27/07/2013 02:00 PM
PANELLIST: Nero Ughwujabo
A BUSINESSMAN passionate about black and minority ethnic issues sought to rally people to be more vocal in bringing change when he spoke at a debate in Croydon last week.
Nero Ughwujabo, chief executive of Croydon BME Forum, was one of the panelists at the first ever Croydon Community Question Time – a joint collaboration between his organisation and The Voice, held at the Town Hall on July 17.
The panel was chaired by The Voice’s managing director George Ruddock and included Central Croydon MP Gavin Barwell, GP commissioner Dr Angelo Fernandes, Croydon Council leader Mike Fisher and borough commander, Chief Superintendent David Musker.
Its purpose was to give community members a chance to express their concerns on issues affecting the borough. Among the issues highlighted were housing shortages, youth violence, unemployment, benefit caps, education, health and regeneration. Members of the public also voiced their concern about the disproportionate levels of deprivation and unemployment between north and south Croydon.
Ughwujabo said: “If [our elected representatives and leaders] don’t hear your views, how they are going to deliver the services we actually need to build up Croydon, and make it the best borough in London and the most enterprising which is our vision?”
Barwell explained that the £27million received from the Mayor of London after the London 2011 riots would be invested into the areas that had been most affected. And Fisher, who leads the Conservative-run local authority, drew attention to the proposed £1 billion Westfield investment scheme which is expected to create 8,000 new jobs “both directly and indirectly.”
Stop and search was also high on the agenda with an ongoing consultation underway following a report on the anti-crime measure commissioned by the Home Secretary Theresa May, which reviewed the effectiveness of the police power.
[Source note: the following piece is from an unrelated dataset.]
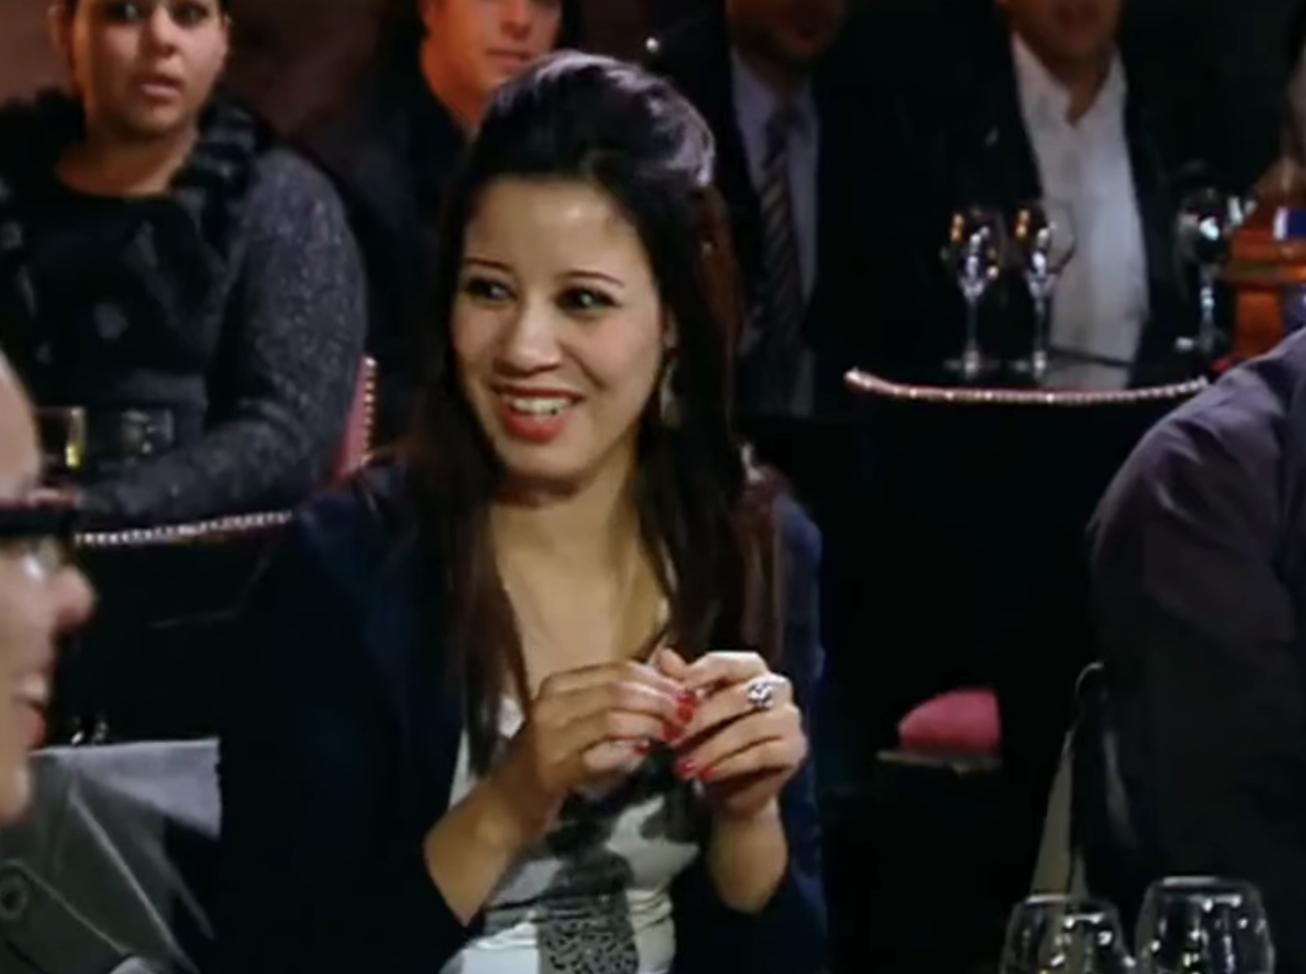 A woman laughs after a contestant trips

Attendee Justin Baidoo, from Croydon Trade Union Council (TUC), expressed anger as he outlined his experiences with the police and the ‘violence’ he had seen take place on the streets of his hometown.
He asserted: “The [police] are here to do a job…but some officers do use excessive force.”
Musker said he recognised that ‘stop and search’ was a “source of tension”, but stressed that “my officers are not racists. Most of them are under 30, they are not from my generation, and have grown up in a multicultural society. If one of my officers were involved in a situation where I saw them to be racist, I would do everything in my power to have them disciplined and sacked.”
Other participants included Javell Nelson, a member of Croydon Youth Parliament; Karen Ruby from Job Centre Plus; and Labour councillor Tony Newham, the leader of Croydon’s opposition, who stood in for Steve Reed, the recently-elected MP for Croydon North.